Aim of the task
Reproduce all the data exactly, without pictures.

Supplied information
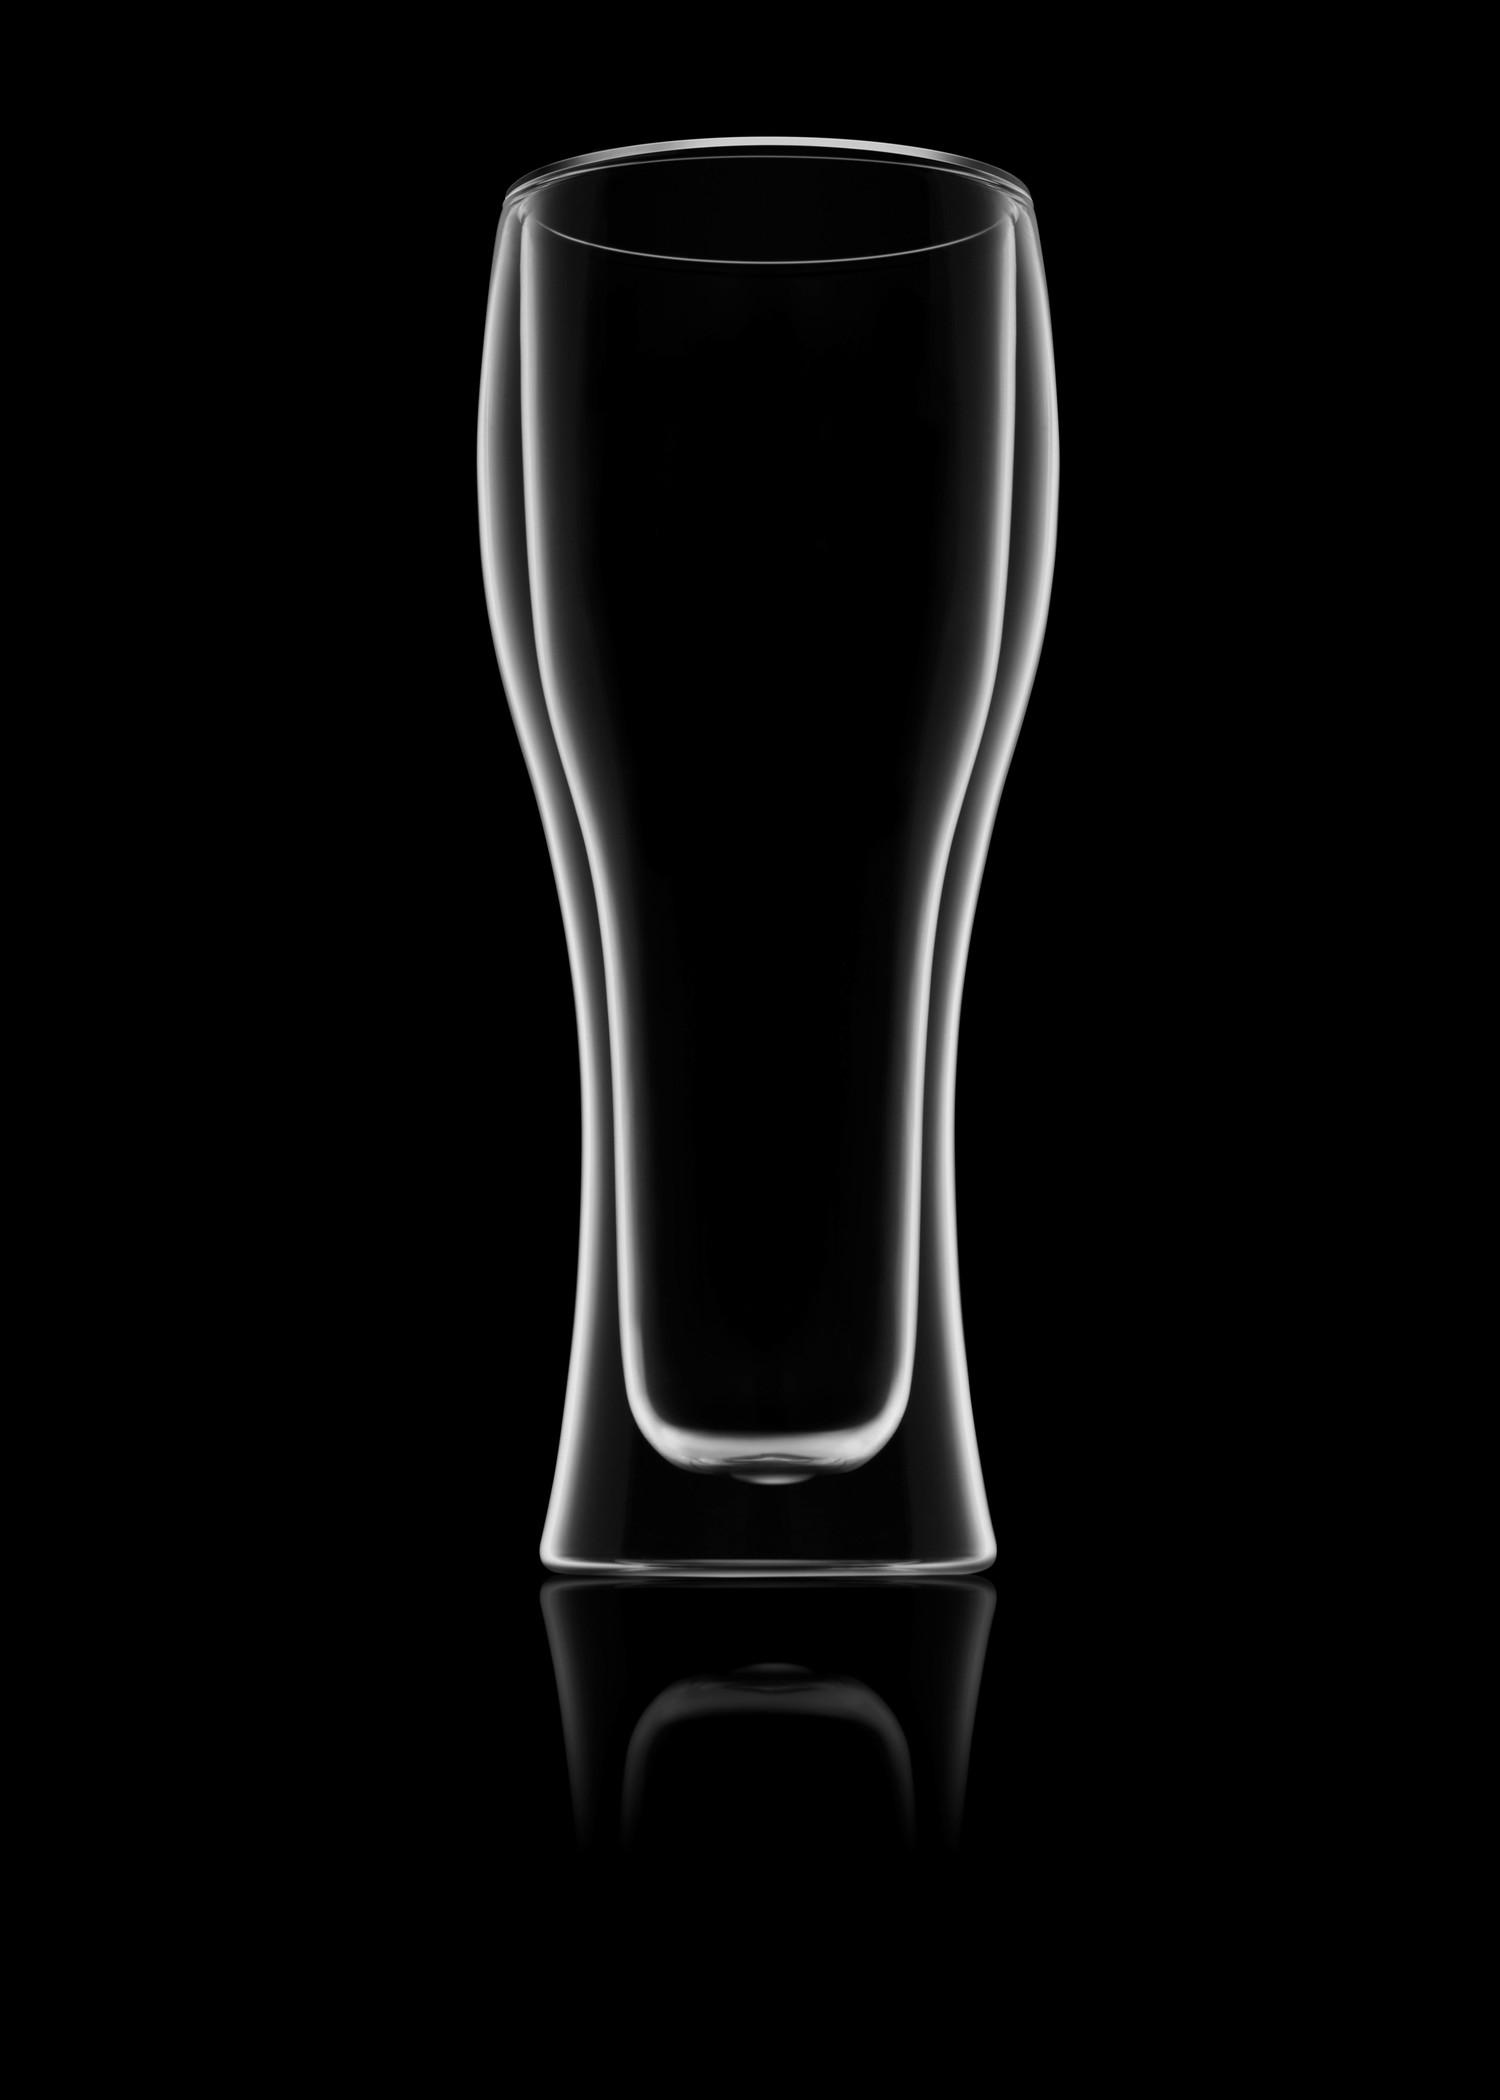 Double+walled+glass+9666.jpg
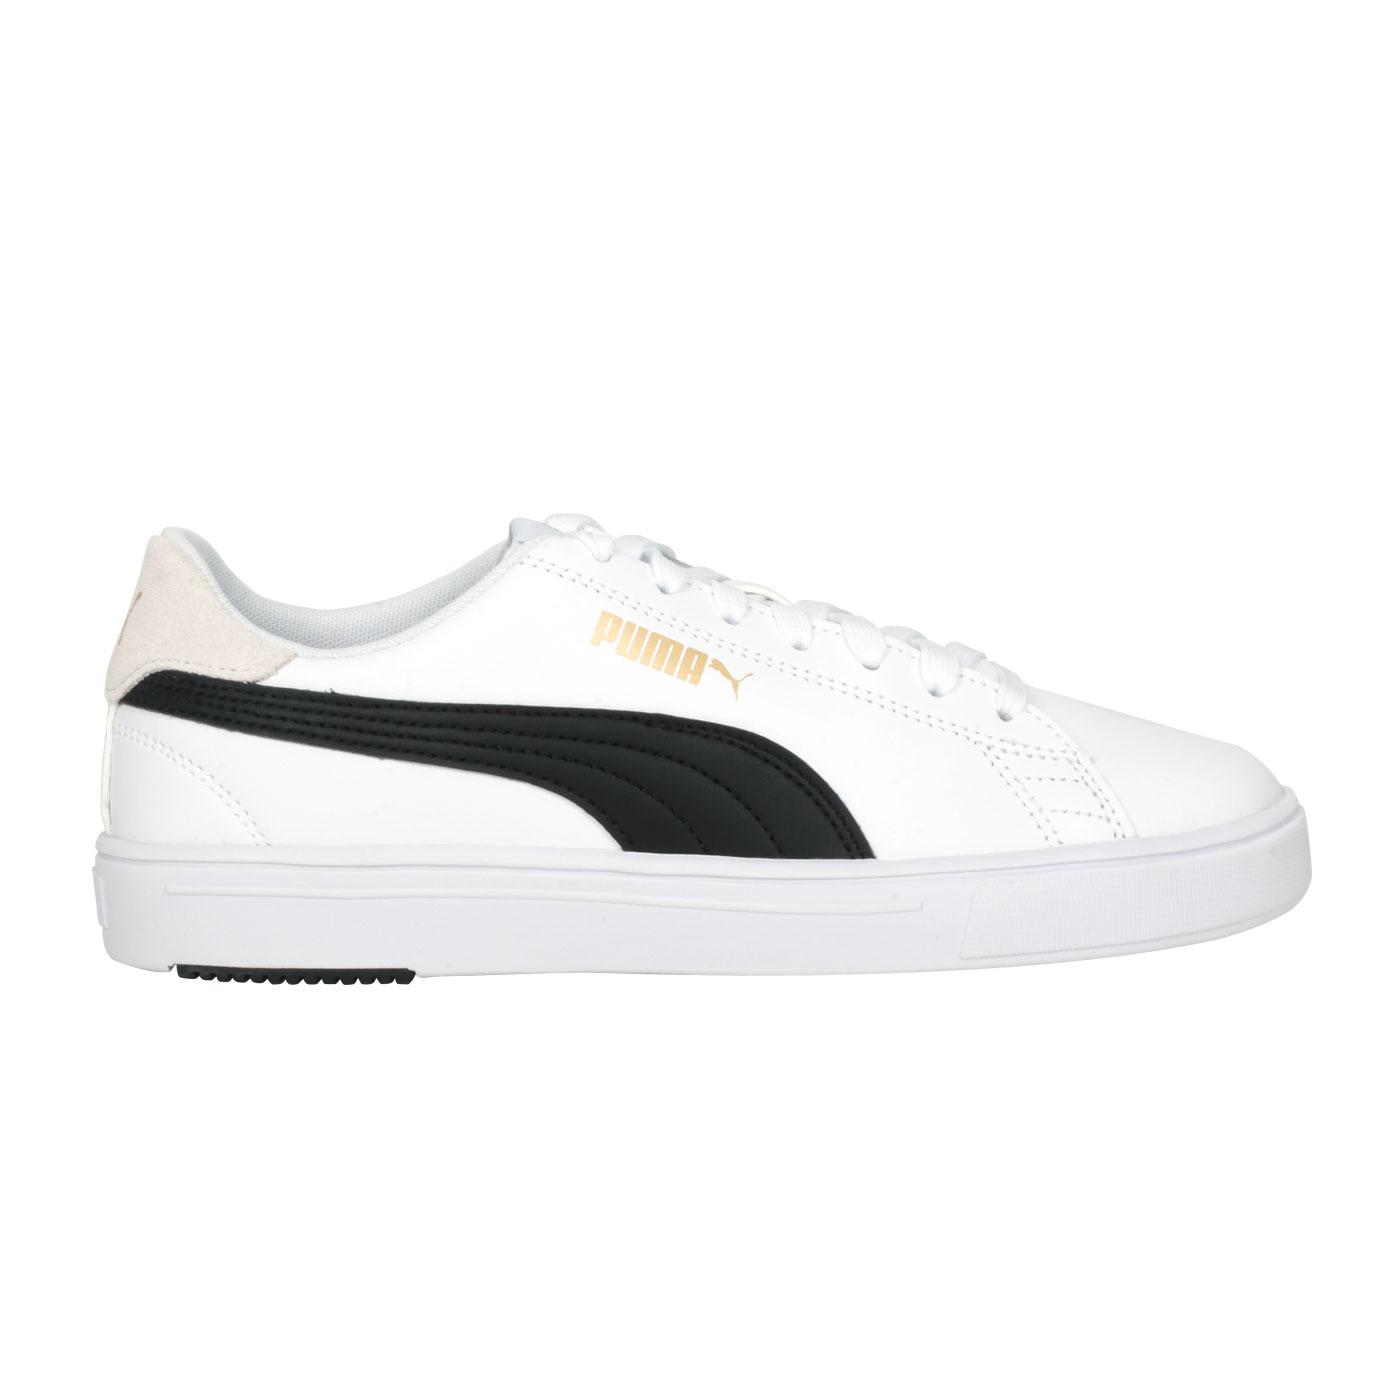 PUMA 男女休閒鞋  @Puma Serve Pro Lite@37490208
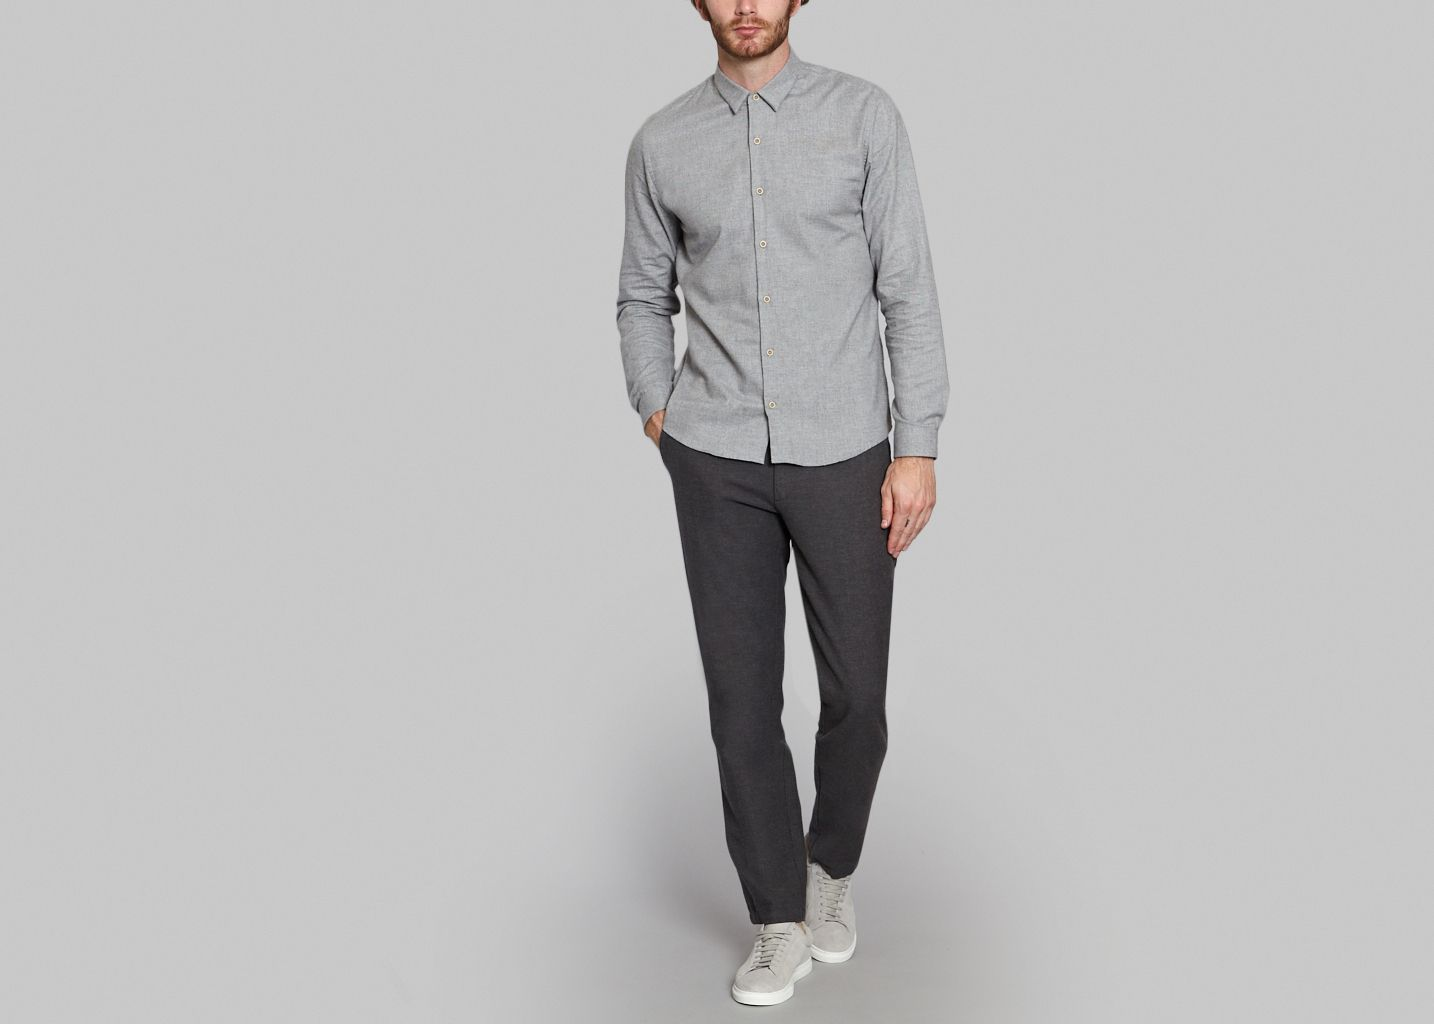 Mottled Shirt - JagVi
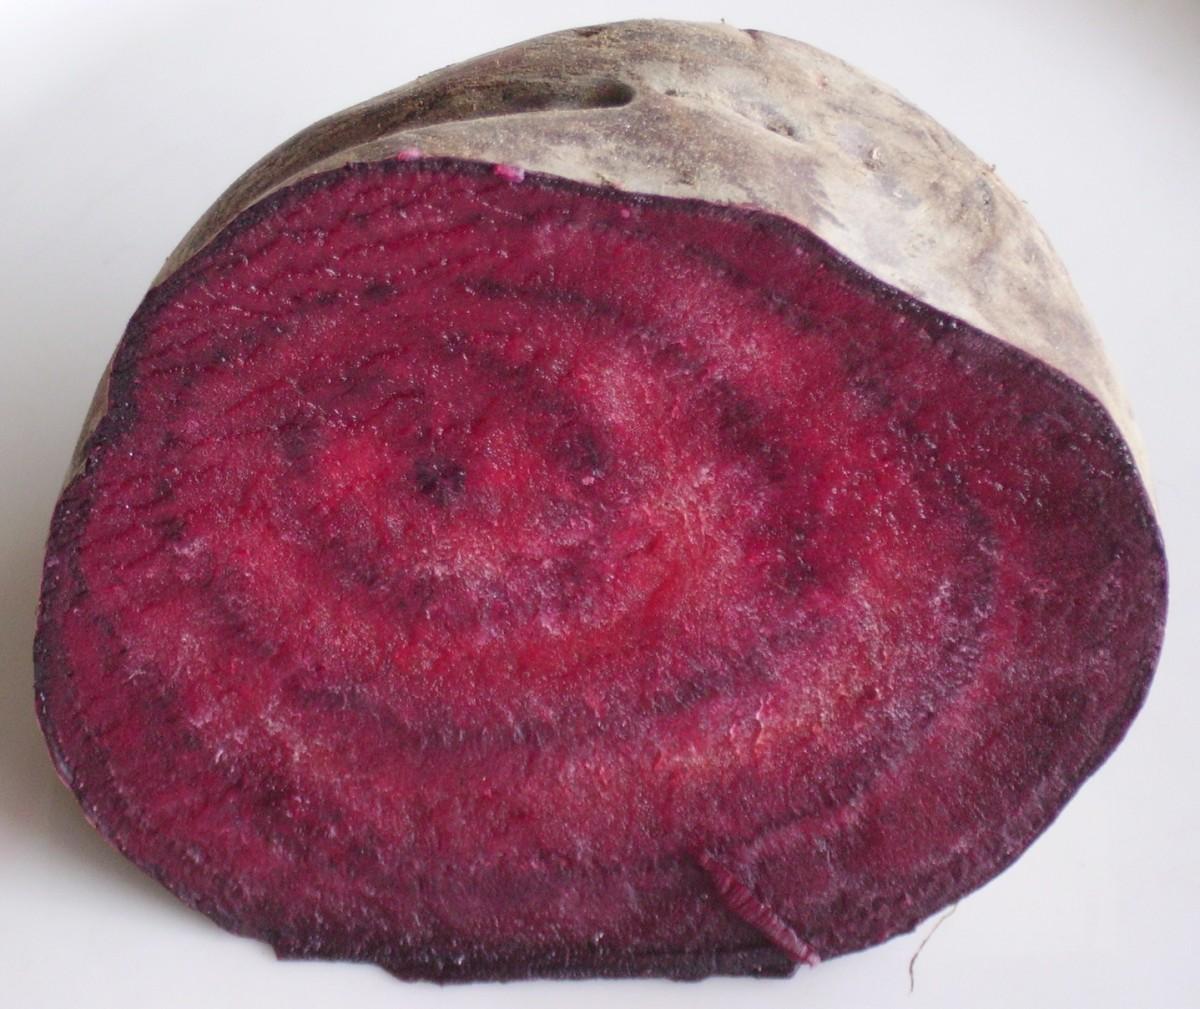 half cut beet

Response to this task
 Double+walled+glass+9666.jpg
 PUMA 男女休閒鞋  @Puma Serve Pro Lite@37490208
 Mottled Shirt - JagVi
 half cut beet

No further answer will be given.